Bob Simpson, at the age of forty-one, is named as Australia’s captain for the forthcoming Test series against India. Australian officials have deemed the retrograde selection to be necessary because of the ban placed upon all of those Australian cricketers who signed to play for Kerry Packer’s renegade troupe. The former Australian captain, last played for his country in 1968. He is also named as the new captain of New South Wales.

This evening we watched the first half of the film, “The Last Of Sheila”. Produced in 1973, it stars James Coburn, James Mason, Dyan Cannon, Raquel Welch, Richard Benjamin and Joan Hackett.

 

Footnote: David Lee Roth, in 1985, included a more lively rendition of “Just A Gigolo” on his medley that combines it with another hit from the past, “I Ain’t Got Nobody”. Bing Crosby, on the other hand, is credited with being the most prolific recording artist of the twentieth century. Between 1931 and 1962 no less than three hundred and thirty-two of his recordings entered or re-entered the American charts as singles. This number does not include those he performed with other artists, the most notable of these being The Andrews Sisters.

 

Great Crisis!: Tuesday, 18th October, 1977

We were almost at the intersection of Rocky Point Road and the Prince’s Highway on a gloriously sunny morning when John Burles broadcast the news that the favourite for Saturday’s W.S. Cox Plate, “Luskin Star”, had been injured in an exhibition gallop at Moonee Valley this morning and that his future in racing might be in some doubt.

However, when I bought a copy of “The Sun” at lunchtime I learned that the injury to the horse was not as bad as was firstly believed although it is still uncertain if he will run on Saturday.

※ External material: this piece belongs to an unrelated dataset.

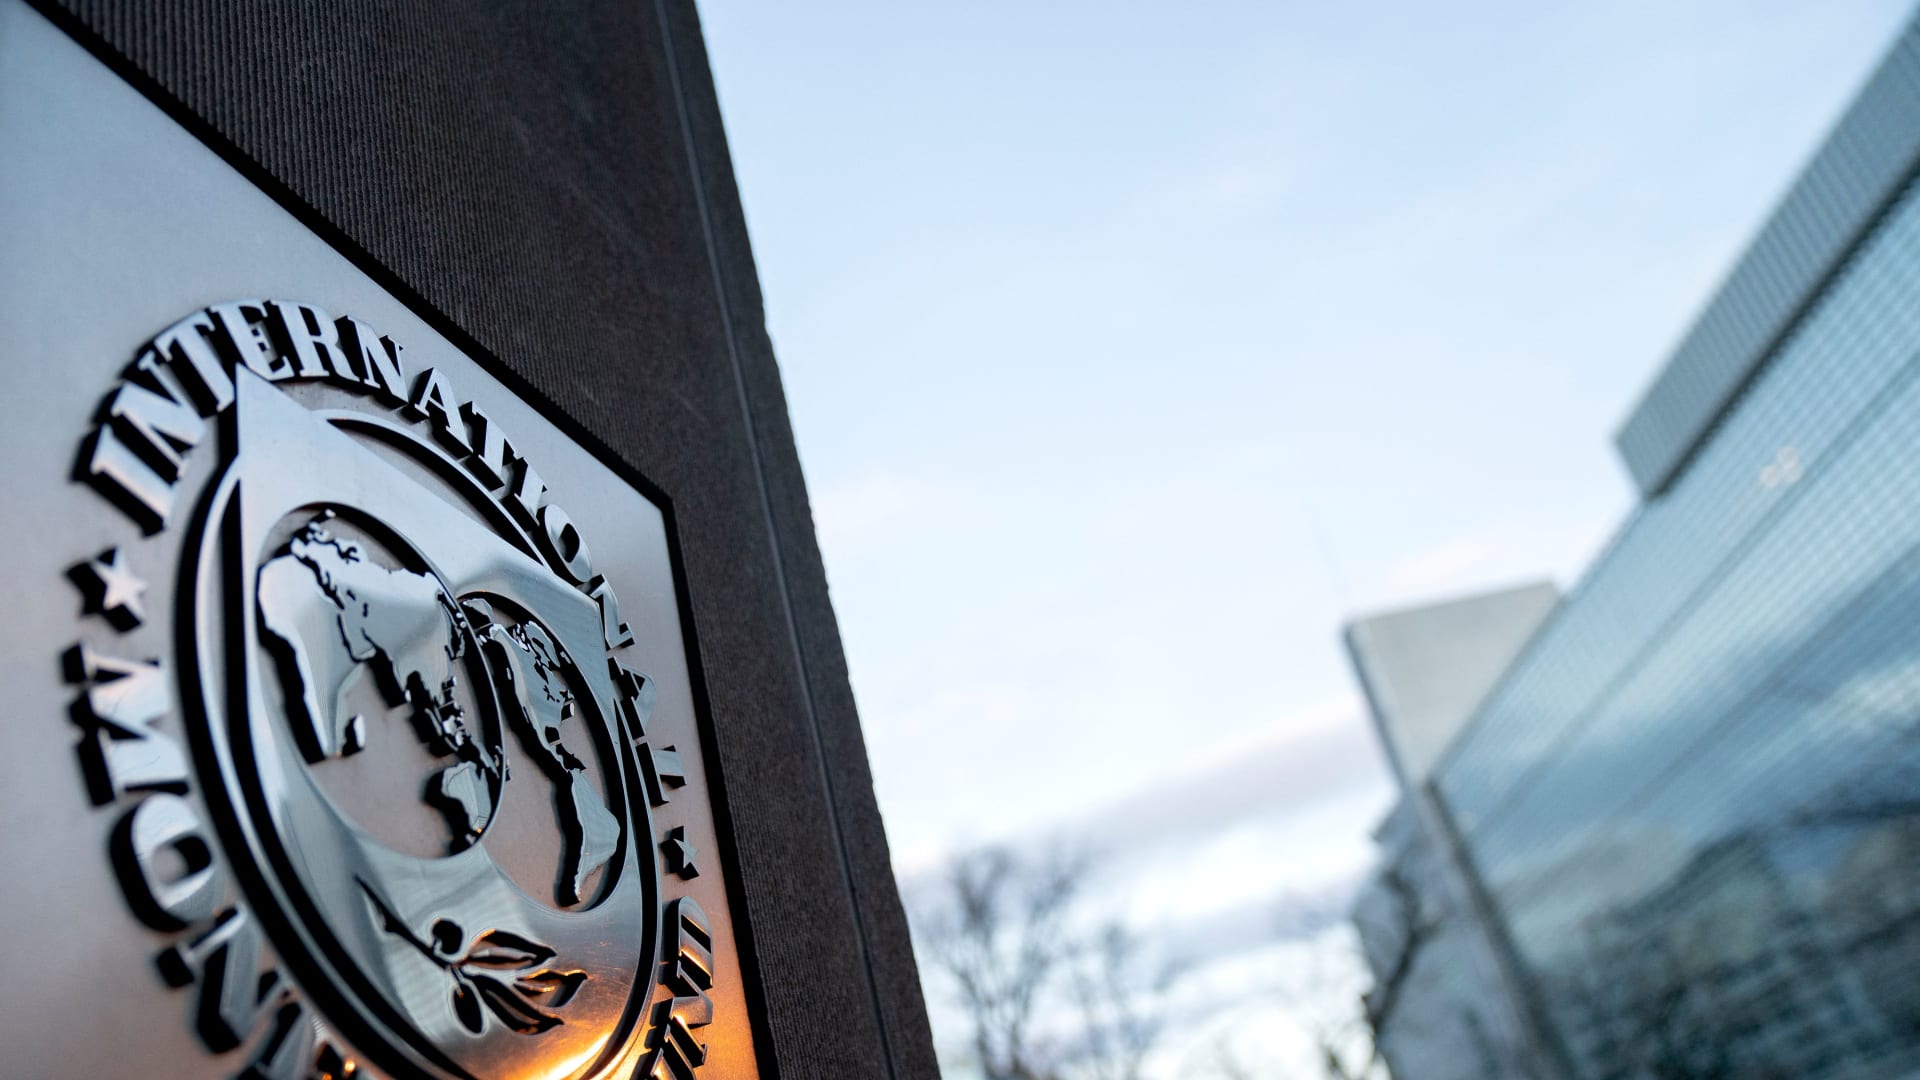 البنك الدولي يحذر من مخاطر ارتفاع التضخم والركود الاقتصادي.. ويخفض توقعاته للنمو العالمي

This evening, “Willesee”, was devoted to a debate over the strike by workers in the industry that generates and provides power, which has virtually crippled the state of Victoria. The Prime Minister, Malcolm Fraser, described its duration of nine weeks as this country’s “greatest crisis in industrial memory”. Union leader, John Halfpenny, and the Federal Minister for Labour, Tony Street, were also on the programme.

Heedful of the requirement for some levity, we watched “The Dave Allen Special” from half past seven. The Irish comedian really has perfected the art of telling a joke!

Strike Drags On: Wednesday, 19th October, 1977

“Mum” and Wendy travelled into town to attend a screening of “Smokey And The Bandit”. The film stars Burt Reynolds, Sally “Gidget”/”The Flying Nun”/”The Girl With Something Extra” Field, Jerry Reed and Jackie Gleason.

This evening “Willesee”, again, centres upon the strike by workers within the power industry that has virtually crippled Victoria. I am listening to the radio for a change. Towards the end of a day that delivered extreme heat and humidity and a maximum of twenty-nine degrees Celsius, it is raining and we are, therefore, not going for a walk. I am listening to “Don’t It Make Your Brown Eyes Blue”, which is sung by Loretta Lynn’s sister, Crystal Gayle. It isn’t a hit out here, yet, although it is doing well in the United States.

At nine o’clock we watched the film, “A Cry In The Wilderness”. George Kennedy and Joanna Pettet occupy prominent roles in this production from 1973. Another motion picture, “Victory At Entebbe”, was being shown on Channel Ten.